Has anyone heard of that?
It was the same at Pure gold, no smokes or alcohol as well as limited shopping, brands we have never had before so like you Mark will probably get the thumbs down.

Cheers, Steve.


----------



## Manitoba (Jun 25, 2014)

bigpearl said:


> Not only delicious items either.
> 
> .....
> No alcohol sir (rum, whisky, brandy) but I can sell you beer, no smokes sir as the government has put a ban on liquor and cigarette sales.
> ...


In Moalboal we cannot even buy beer, all alcohol sales banned. However I did see a group of locals around one shop all drinking Red Horse,.

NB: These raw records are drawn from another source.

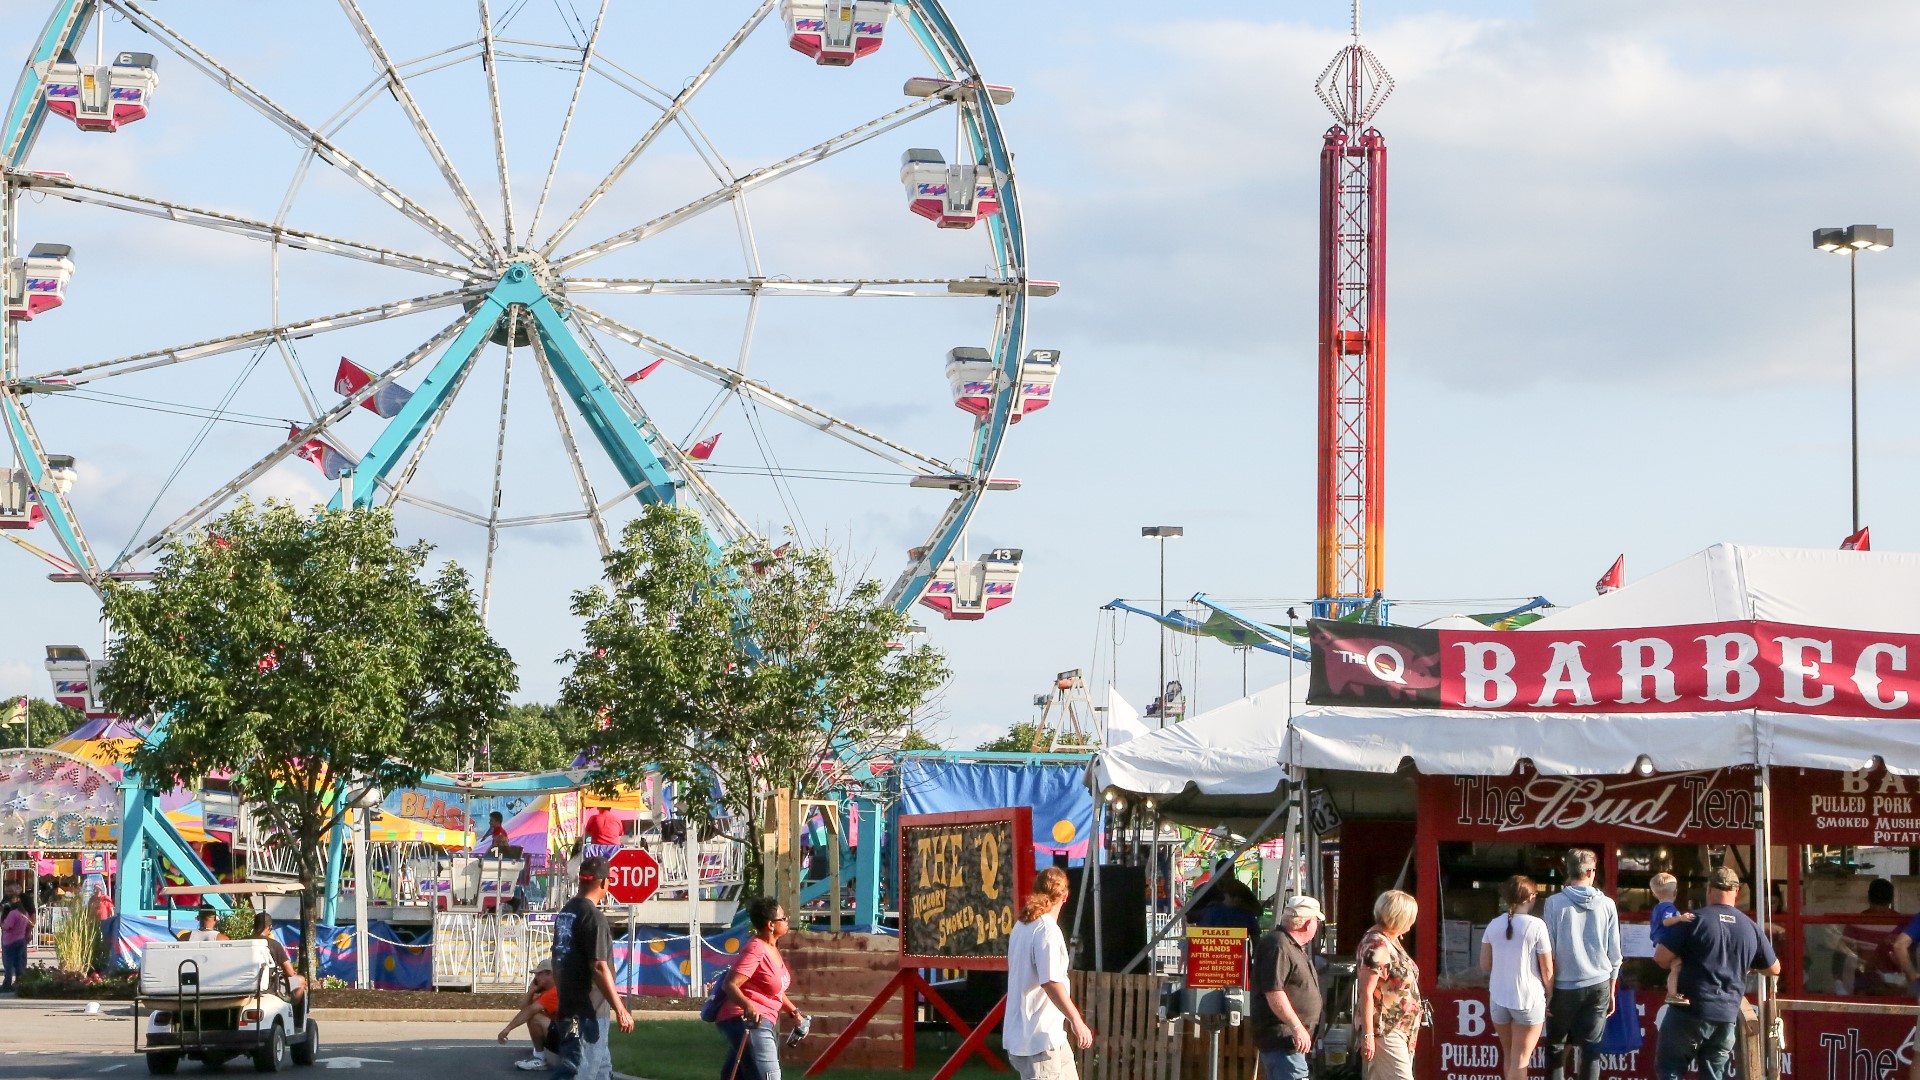 The Kentucky State Fair Board has submitted a draft proposal to Gov. Andy Beshear to hold a modified state fair in August.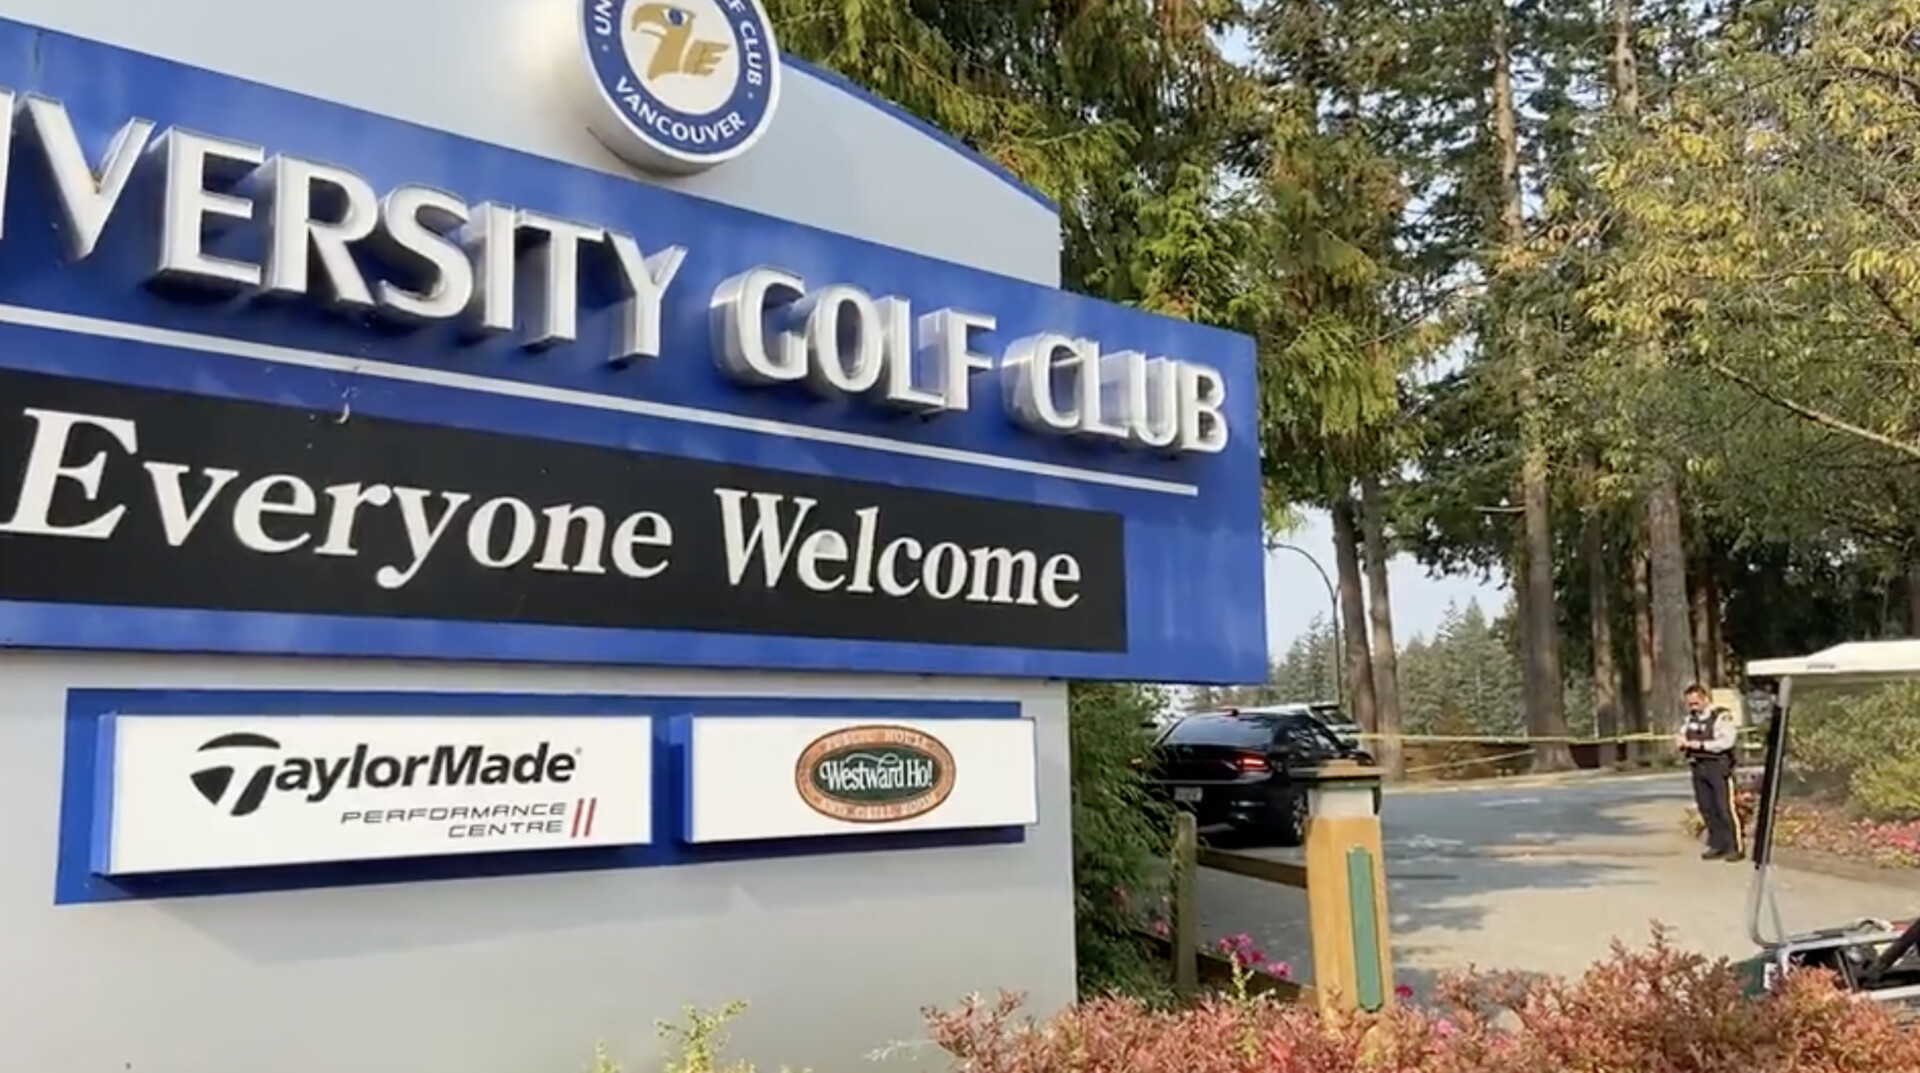 UBC Golf Course welcome sign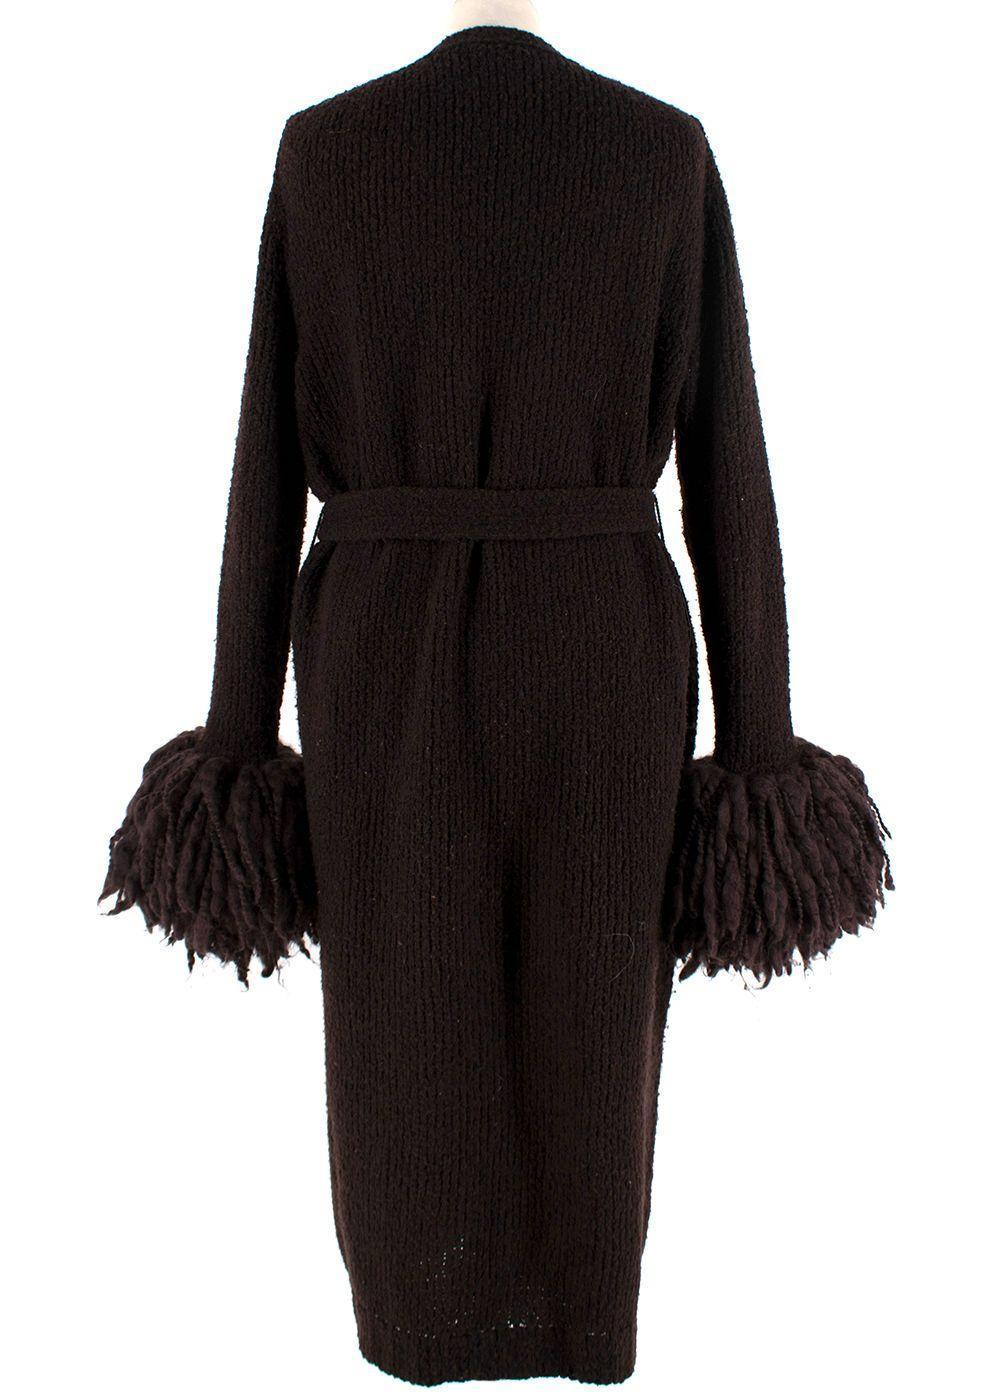 Bottega Veneta Chocolate Brown Boucle Wool Fringed Sleeve Cardigan-Coat

- Runway piece RTW AW 18
- Soft wool longline belted cardigan-coat
-Fringed mohair trim at the cuffs
-Ribbed trim at the hem and pockets
-Relaxed silhouette
-Unlined and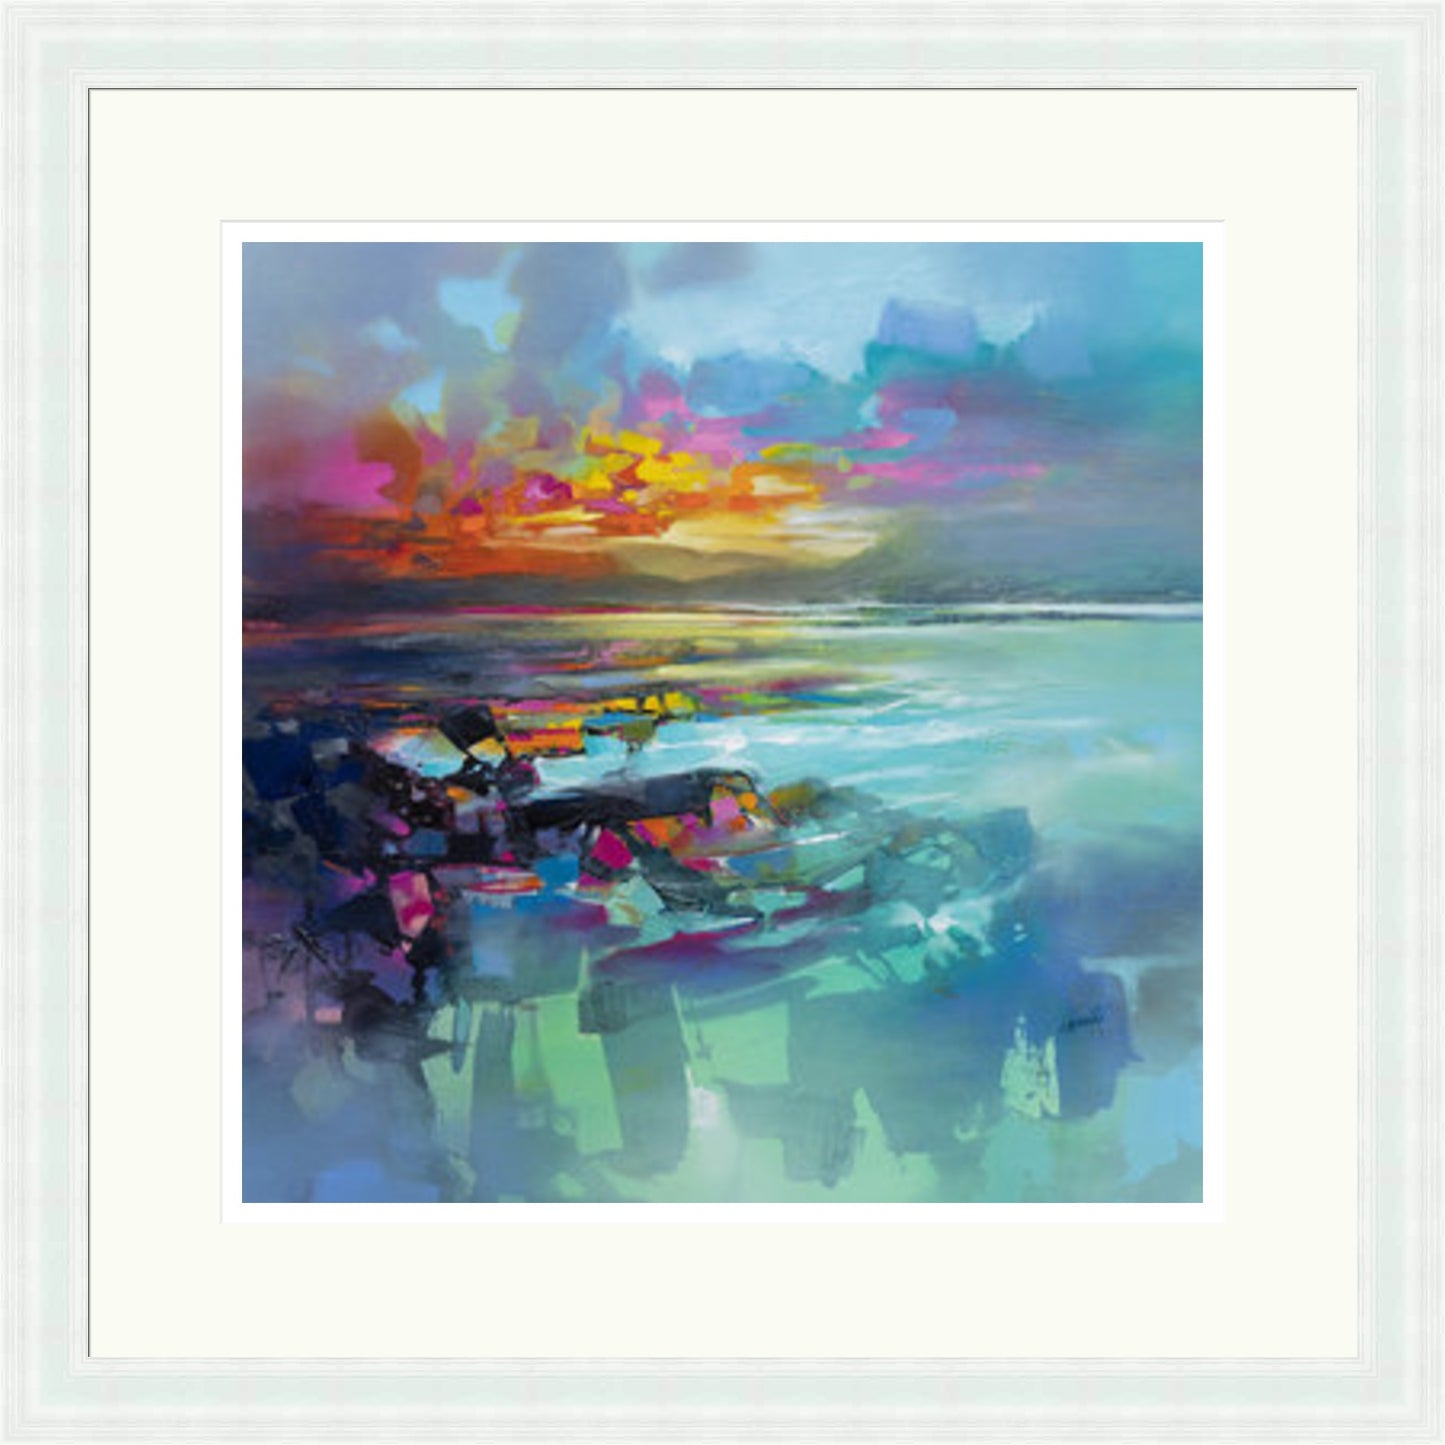 Approaching Arran (Limited Edition) by Scott Naismith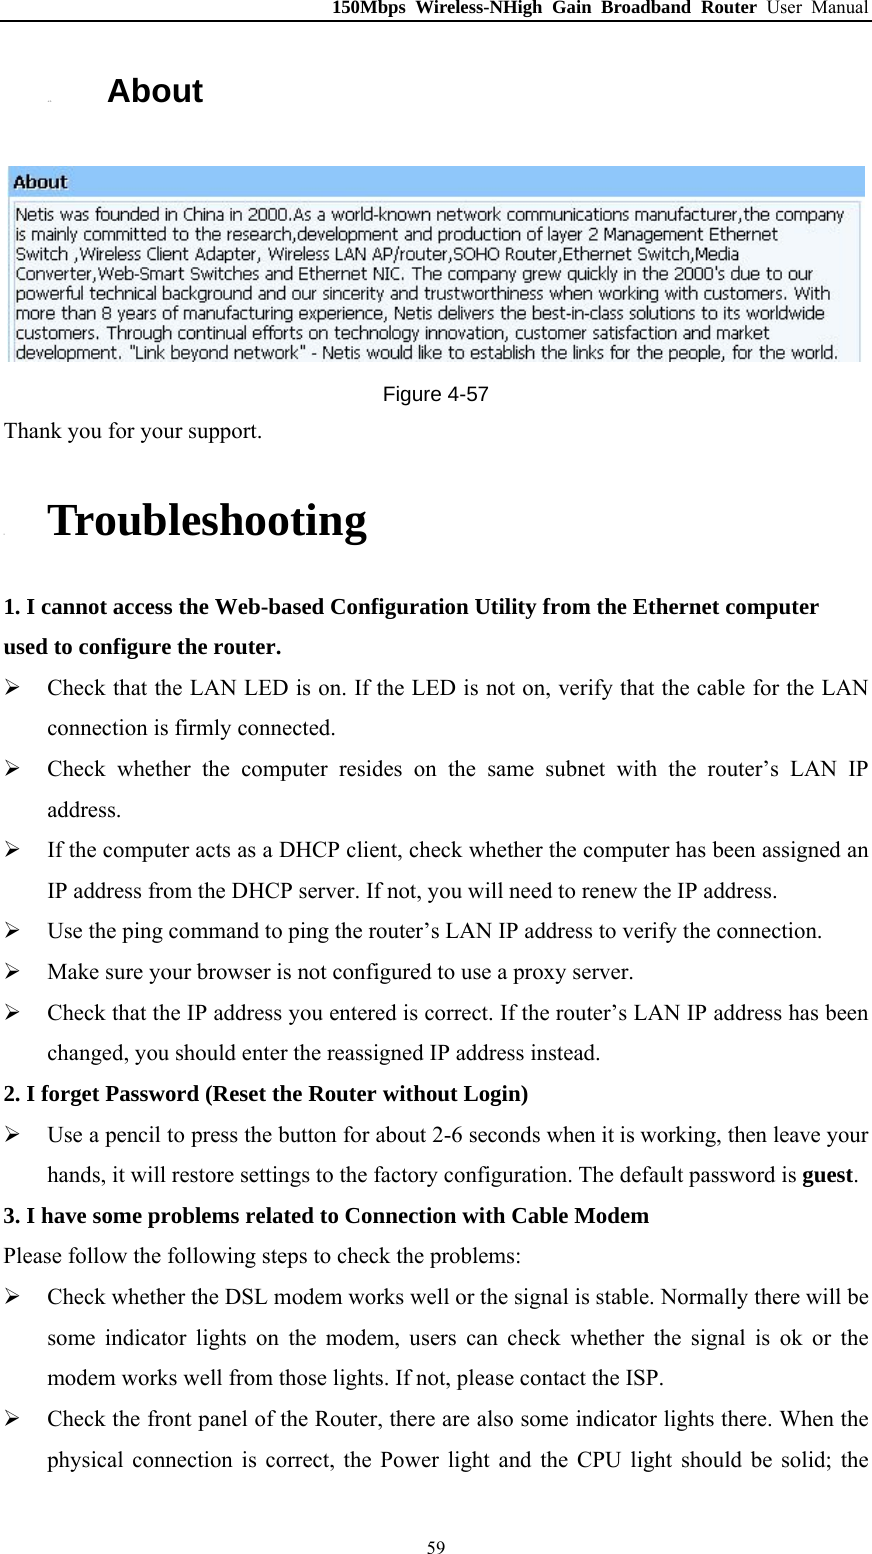 150Mbps Wireless-NHigh Gain Broadband Router User Manual 4.13. About  Figure 4-57 Thank you for your support. 5. Troubleshooting 1. I cannot access the Web-based Configuration Utility from the Ethernet computer used to configure the router.  Check that the LAN LED is on. If the LED is not on, verify that the cable for the LAN connection is firmly connected.  Check whether the computer resides on the same subnet with the router’s LAN IP address.  If the computer acts as a DHCP client, check whether the computer has been assigned an IP address from the DHCP server. If not, you will need to renew the IP address.    Use the ping command to ping the router’s LAN IP address to verify the connection.  Make sure your browser is not configured to use a proxy server.  Check that the IP address you entered is correct. If the router’s LAN IP address has been changed, you should enter the reassigned IP address instead. 2. I forget Password (Reset the Router without Login)  Use a pencil to press the button for about 2-6 seconds when it is working, then leave your hands, it will restore settings to the factory configuration. The default password is guest. 3. I have some problems related to Connection with Cable Modem Please follow the following steps to check the problems:  Check whether the DSL modem works well or the signal is stable. Normally there will be some indicator lights on the modem, users can check whether the signal is ok or the modem works well from those lights. If not, please contact the ISP.  Check the front panel of the Router, there are also some indicator lights there. When the physical connection is correct, the Power light and the CPU light should be solid; the  59

As always the rules are fluid here and differ for known locals and foreigners 

More fun in the Philippines.


----------



## Tukaram (Dec 18, 2014)

The press release I read says liquor ban. On election day they have an alcohol ban, so I assume they know the difference. But around here it is also all alcohol sales banned. I have not heard of a cigarette ban, but I am not a smoker...

Luckily we still have lots of good stuff at the store. Well, my wife brought home a bunch. She has the quarantine pass for the house. But her barangay pass and is only good for our town. She would have to go to our town hall (not barangay) to get a city pass. The only thing we would need it for is S&R, so have not bothered. Town is good enough'ish. 

Both grocery stores are out of pork, so she had to get some at the market. She tried to tell them what a butterfly cut was, but it did not go well ha ha


----------



## M.C.A. (Feb 24, 2013)

Complete liquor ban in our area of Laguna and I'm not sure about cigarettes but I got a pass from the Mayor today so I could travel from our Municipality (our municipality has no international or major bank) to the next city where my bank PNB was located and spent at least two hours with paper work and hired my brother in-law who helped to walk the papers through only to get stopped half way there on the highway at a check point and told "No", I'd have to use a bank along the highway, well that won't work because I was trying to deposit my check and each PNB banking institution is autonomous so after all this is done I might switch over to BDO.

These check points are serious, you have to show both passe's to the PNP as you exit your municipality and they mark it for the day and on the way I noticed each and every municipality with PNP check points at the entrance from the Highway plus they have a much larger check point in between cities and that's where we got turned back and once we got back to our municipality we got out and they check our temperature and pressure washed the vehicle.


----------